Moreover, there are no grounds to set aside the verdict as against the weight of the evidence. While Plaintiff urges that there was no basis for the $1 million award for the lack of sound proof insulation, there was ample testimony concerning the same. Martin Anderson testified that no such insulation was ever installed by his own subcontractor and the Ehrenkranzs' expert, Veneziale, set forth, without contradiction by any expert on behalf of Plaintiff, that to remove the existing insulation and provide Defendants what was required was a major task that would cost a minimum of $1 million. With regard to Plaintiff's assertion that there was no basis for the Ehrenkranzs' claim for $700,000 to perform the landscaping work, such is also not supported by the record in this case. John Ehrenkranz testified that he paid over the amount sought and Donald Mahoney explained in detail both the extent of work he performed in providing landscaping equal in scope to that of the Ehrenkranzs' neighbors on Butter Lane and, as an expert, on the cost to perform such extensive work. Again, Plaintiff produced no expert to contradict this testimony.

With regard to the amounts sought for work completion as well as payment for subcontractors who were not paid by Opus Vivir, both Anderson and Fragola's testimony along with their invoices support those awards.

With regard to the issue of change orders, there was testimony from Anderson both with regard to the need to set forth a markup and based upon his review of change orders with which his company was involved, a demonstration that for many of them Plaintiff charged the Ehrenkranzs markups of near or greater than 100%. While there was contradictory evidence concerning the amount of an appropriate markup, with Anderson setting forth a rage of 12% to 20%, even Plaintiff's expert, Bosworth, introduced an exhibit which demonstrated markups of 40%. Viewing the jury's verdict, which awards the Defendants/Counterclaimants over $500,000 less that they sought in this case, there is ample evidence to support an award on the change orders which took into account the testimony of experts for both sides.

The verdict sheet as well as the charge was provided to both attorneys. No objection was set forth to the verdict sheet nor was the Court ever asked to charge the jury on fraud. Indeed, had it been requested, the Court would have denied such request based upon the fact that any claims of fraud in this case were entirely duplicative of the claims for breach of contract.

Accordingly, based upon the Court's extensive review of the testimony as set forth and the law applicable to the issues raised, the motion on behalf of Plaintiff to set aside the jury's verdict is denied.

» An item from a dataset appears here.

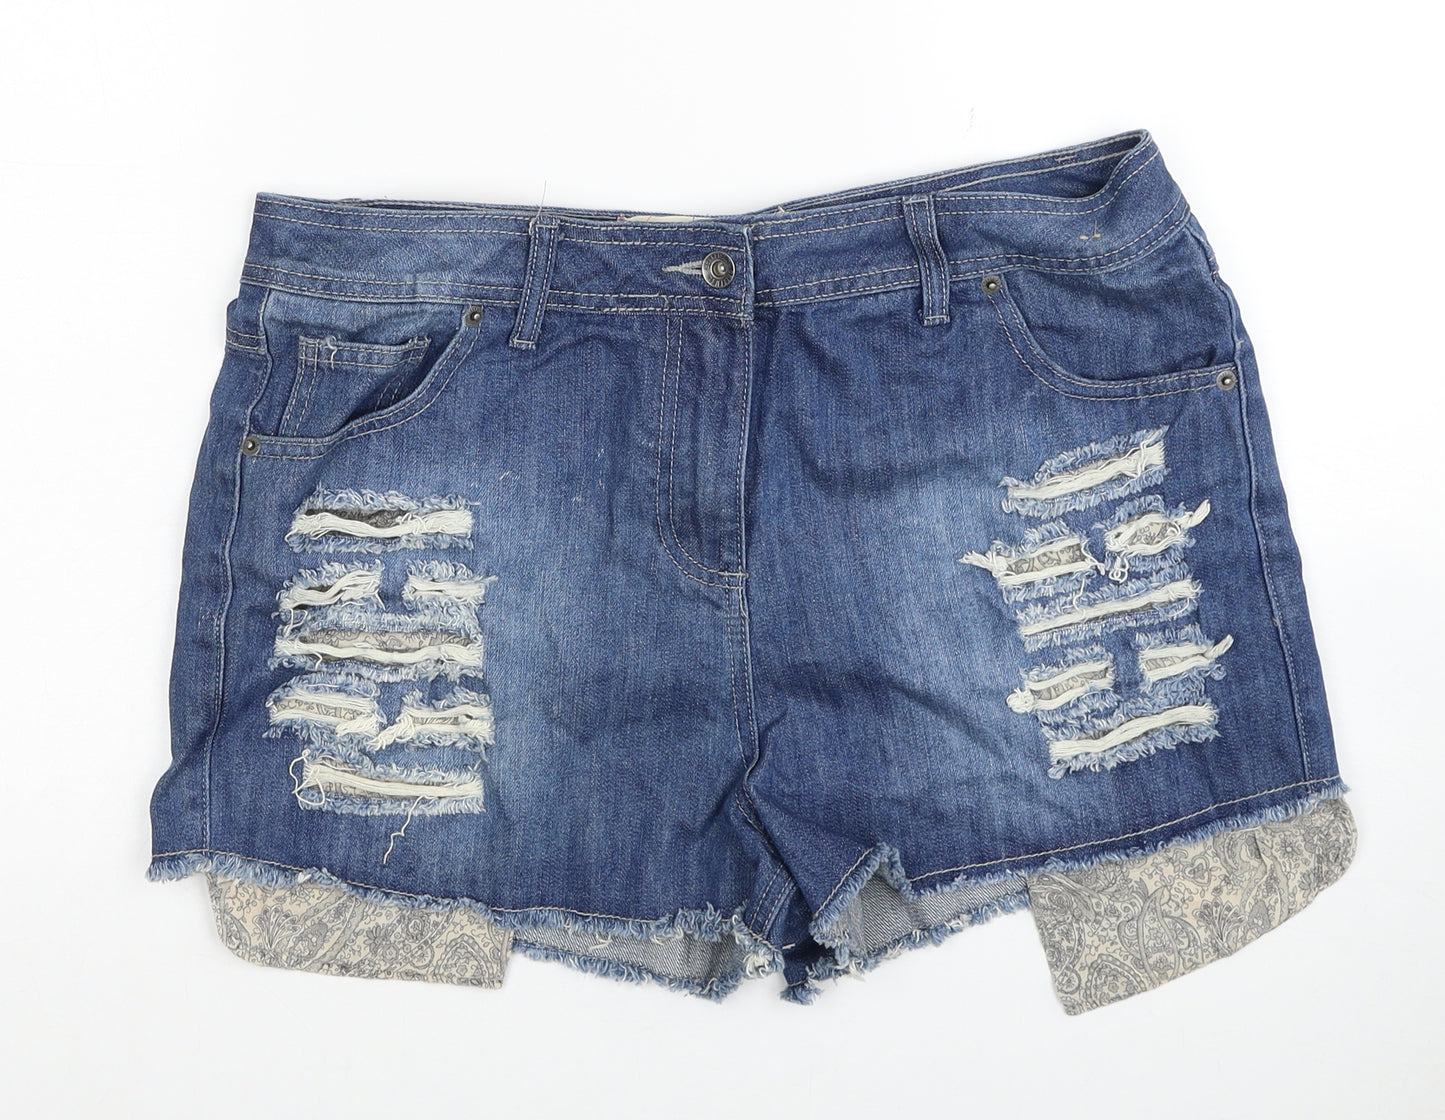 Bellfield Womens Blue Cotton Cut-Off Shorts Size 16 Regular Zip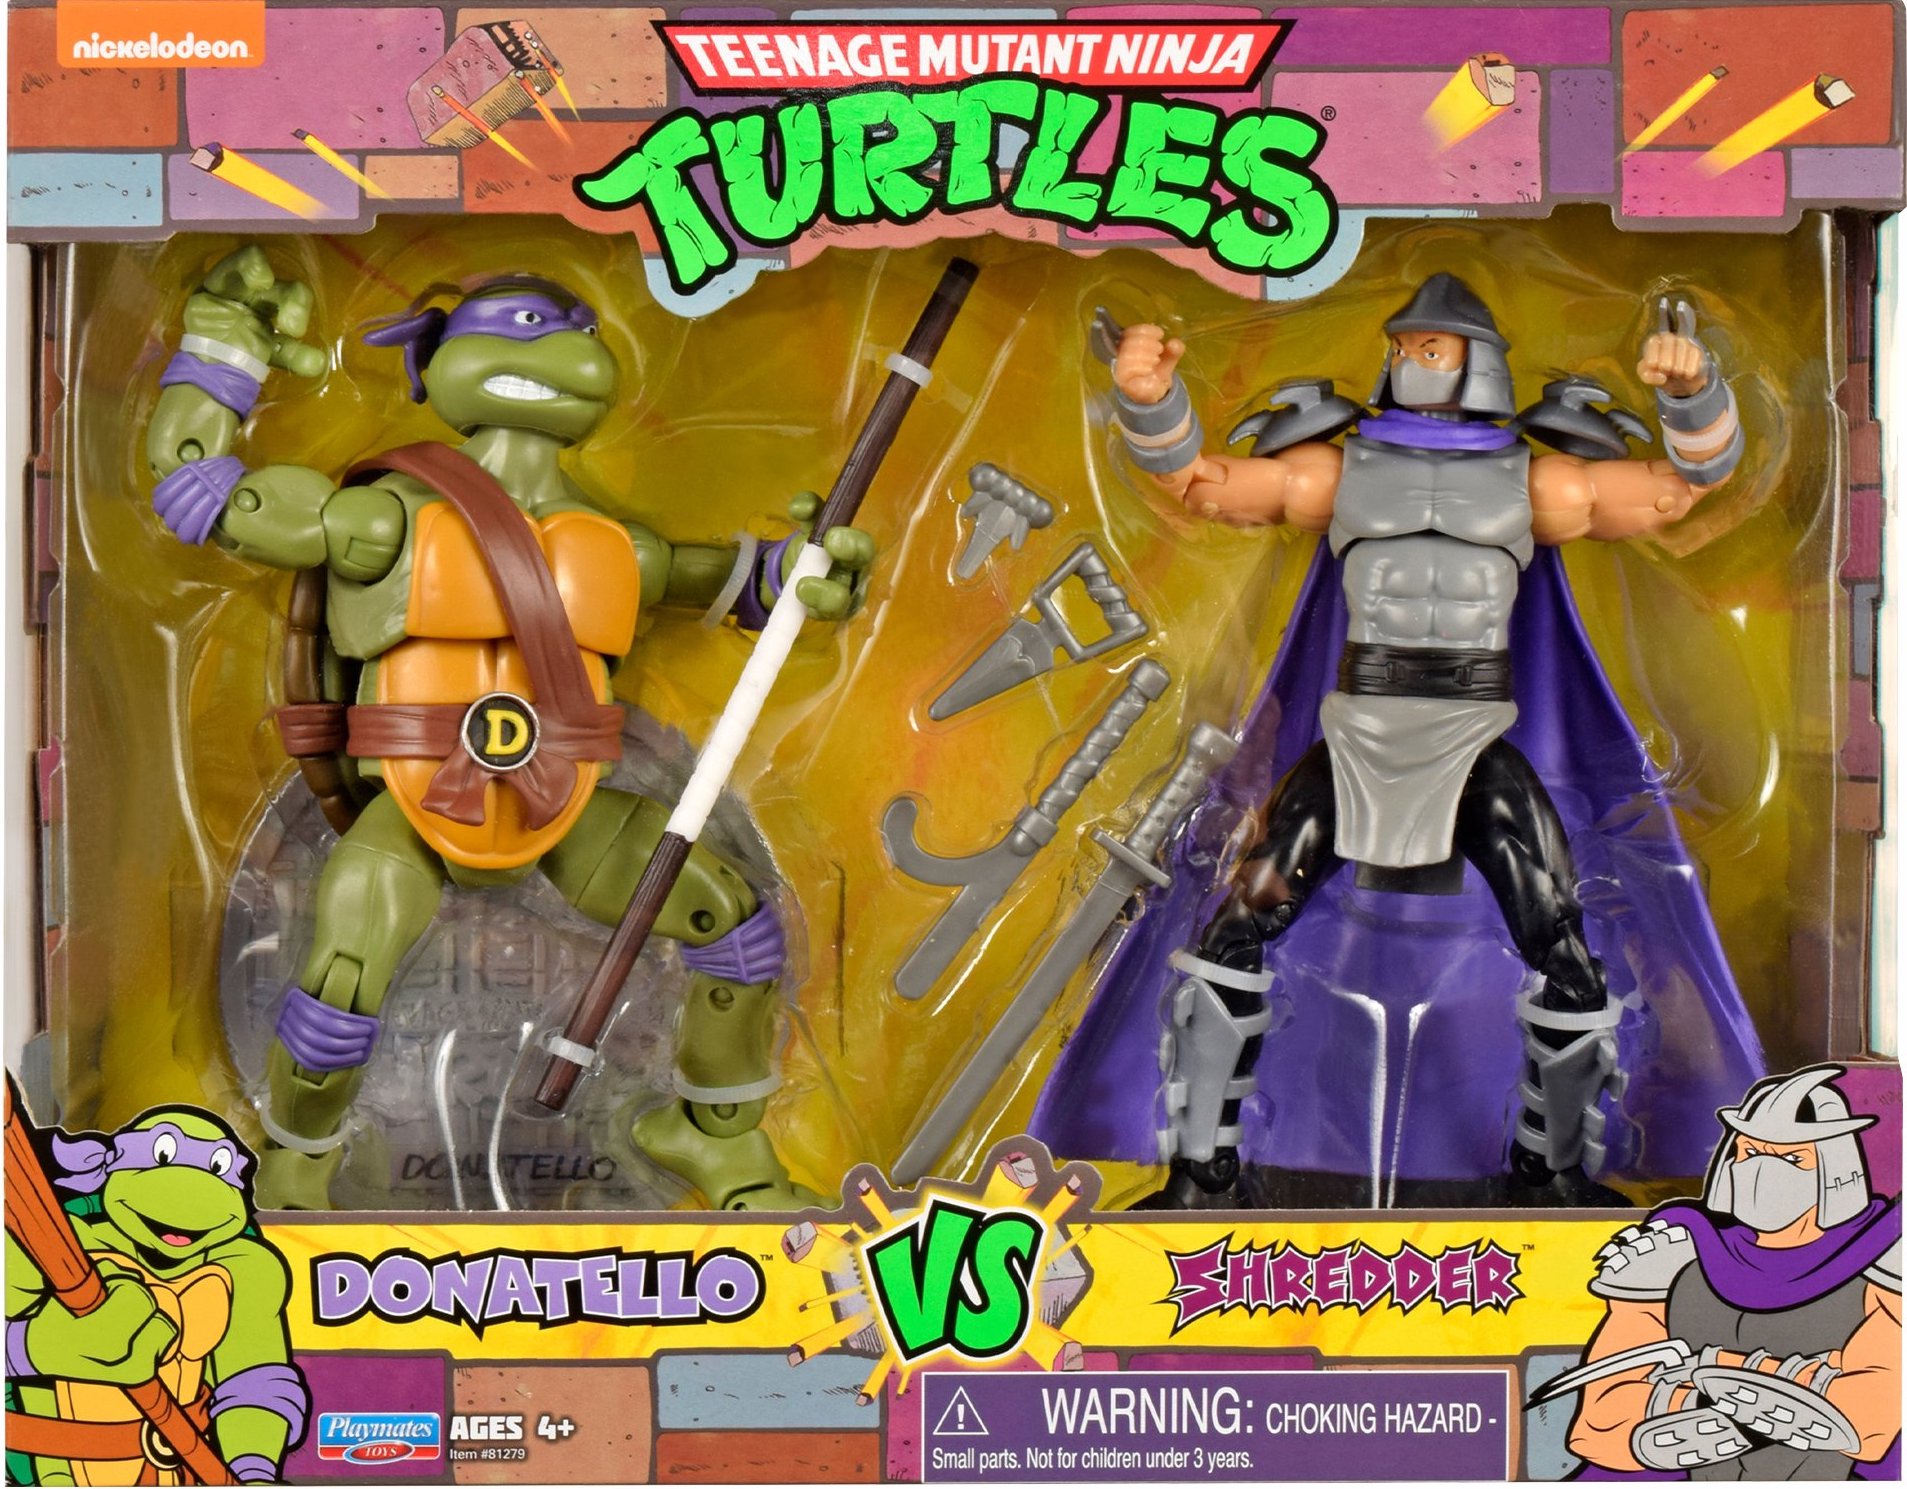 https://www.actionfigure411.com/teenage-mutant-ninja-turtles/images/donatello-vs-shredder-3642.jpg

This constitutes the DECISION and ORDER of the Court.



Dated: December 23, 2013

Riverhead, New York

EMILY PINES


J. S. C.
Footnotes


Footnote 1:" Pl." refers to Plaintiff's exhibits.

Footnote 2: "Tr." Refers to the trial transcript.

Footnote 3: "Def." refers to Defendants' exhibits.

Footnote 4:"B" refers to the manner in which Plaintiff identified change orders.

Footnote 5: The numbers on Lowell Electric's invoices was confirmed by the brief testimony of Fred Fragola, owner of Lowell Electric.